Many loose-leaf binding mechanisms are known in the art. For example, a traditional binder mechanism is shown in DAWSON, U.S. Pat. No. 2,041,168, wherein semicircular ring members have inner ends joined to an overcenter mechanism of a spine to which a binder cover is attached. Other overcenter loose-leaf binder mechanisms are disclosed in SCHADE, U.S. Pat. No 2,311,090, EMMER, U.S. Pat. No. 2,511,153, and COHEN, U.S. Pat. No. 4,552,478. A loose-leaf binder with a spine including cam closure rather than an overcenter closure is shown in JOHNSON, U.S. Pat. No. 3,205,895. In all of these binder mechanisms, the ring members are movable between open positions wherein their outer free ends are spaced to receive loose-leaf paper, dividers, etc., and closed positions wherein the corresponding free ends of the ring members are juxtaposed to form closed coaxial rings with the free ring member ends disposed substantially in a common plane containing the common axis of the closed rings and referred to herein as the central plane of the closed rings.

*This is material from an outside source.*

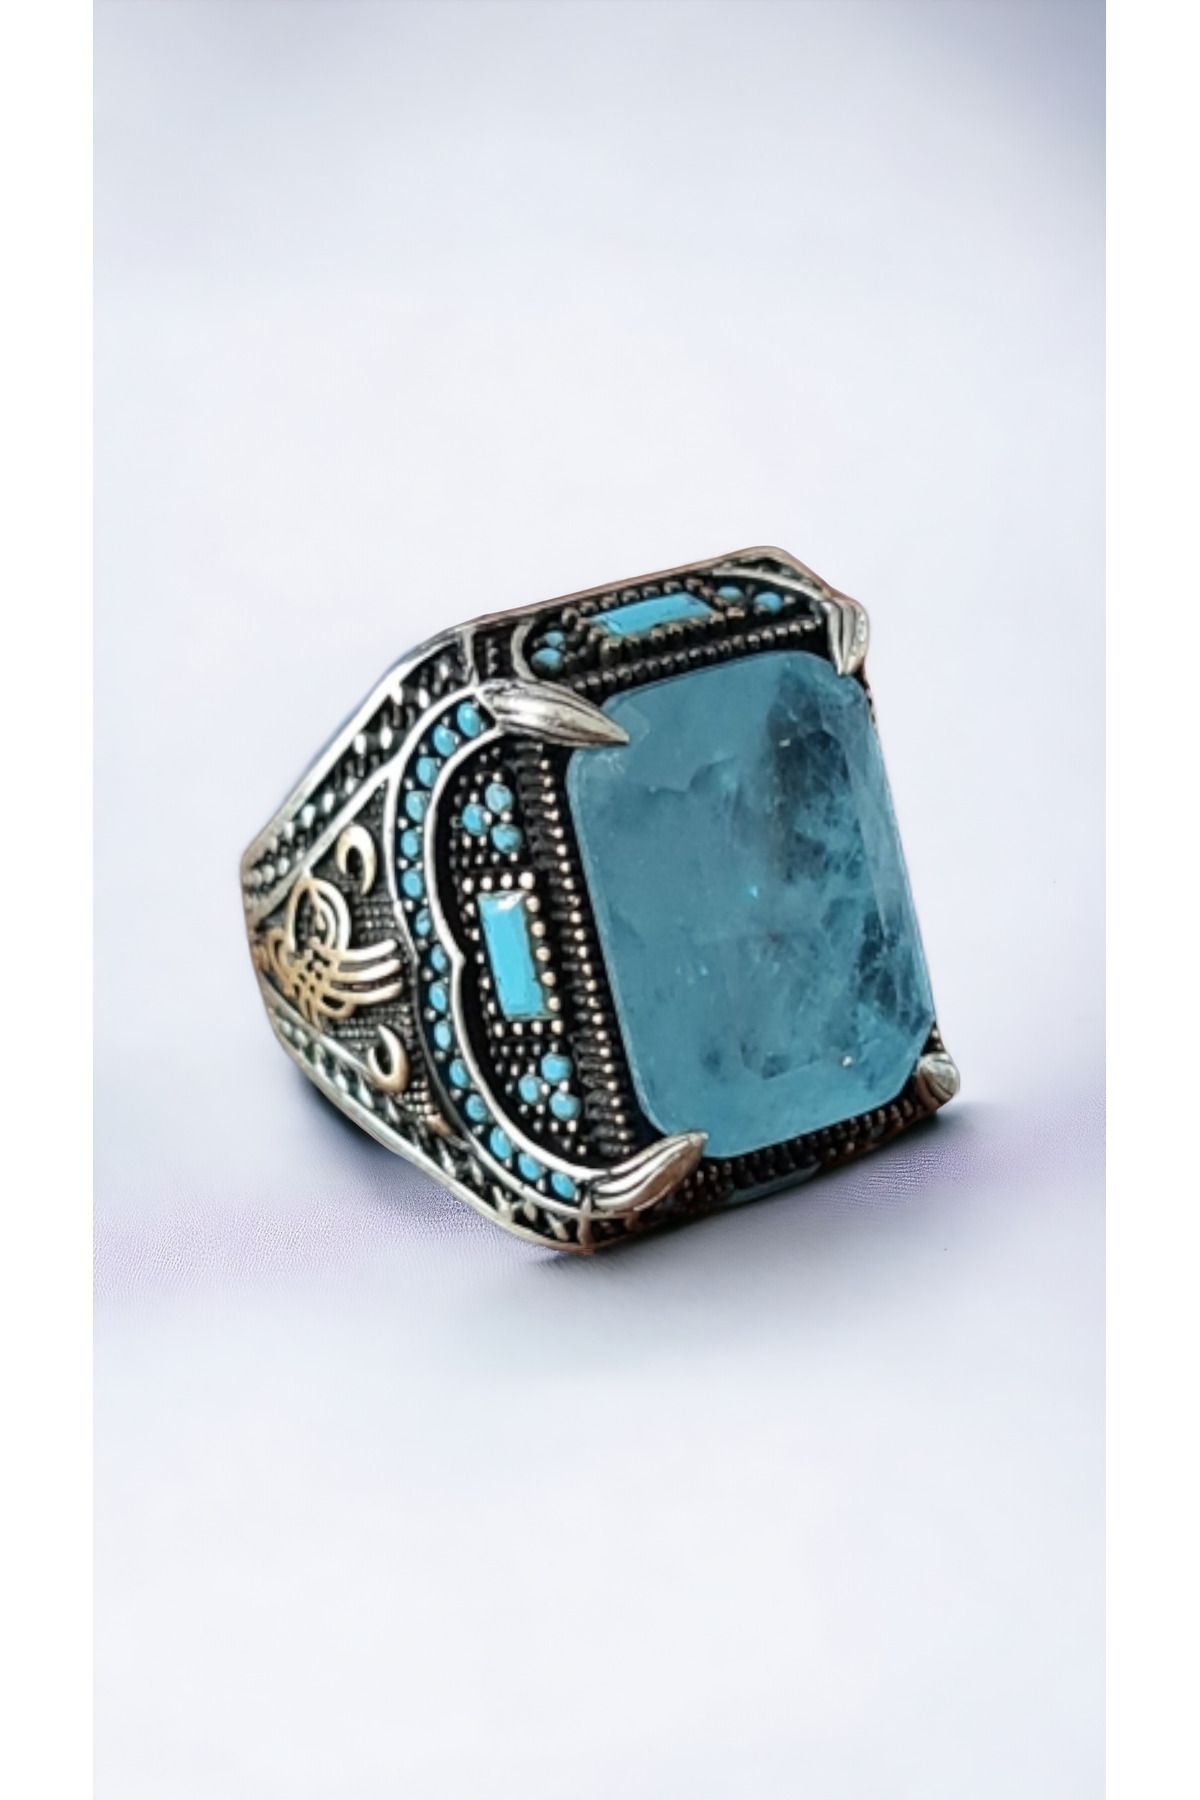 La'Vanti Designs Paraibu Doğal Taşlı Erzurum Kalem İşçilikli 925 Ayar Gümüş Erkek Yüzük Para Şans Kısmet Yüzüğü

The spine has a transverse cross-section whose major dimension is transverse to this central plane of the closed rings such that the spine reduces the effective ring circumference available to contain loose-leaf paper, dividers, and the like, to substantially less than 360 degrees.
Other binder constructions, such as those disclosed in V. E. CARDELLINI, U.S. Pat. Nos. 4,349,289, 4,355,916, and 4,441,834 have binder rings mounted on essentially flat spine members whose major dimension (width) is disposed substantially in the central plane of the closed binder rings, whereby substantially the full 360 degree circumference of the rings is available to contain loose-leaf papers, dividers and the like. The spine members of these latter binder constructions, however, are joined by a complex mechanism for opening and closing the rings to insert or remove papers. Published International application PC/BR81/00003 (International Publication Number WO/ 8200114) discloses a binder construction having an essentially flat spine disposed substantially in the central plane of the closed binder rings and comprising spine members hingeably joined to one another, whereby the binder ring members are rotatable between their open and closed positions. A removable channel member straddles the spine members to lock the binder rings closed. A distinct disadvantage of all of the latter binder constructions with hinged binder members is that each spine member and its ring members are integrally formed from flat sheet stock. This results in a spine member with relatively thin wide ring members extending from an edge of the spine member which will not rreceive standard multi-hole loose-leaf paper. Moreover, the spine hinge connections are between the binder ring members and not the spine members directly and are quite loose.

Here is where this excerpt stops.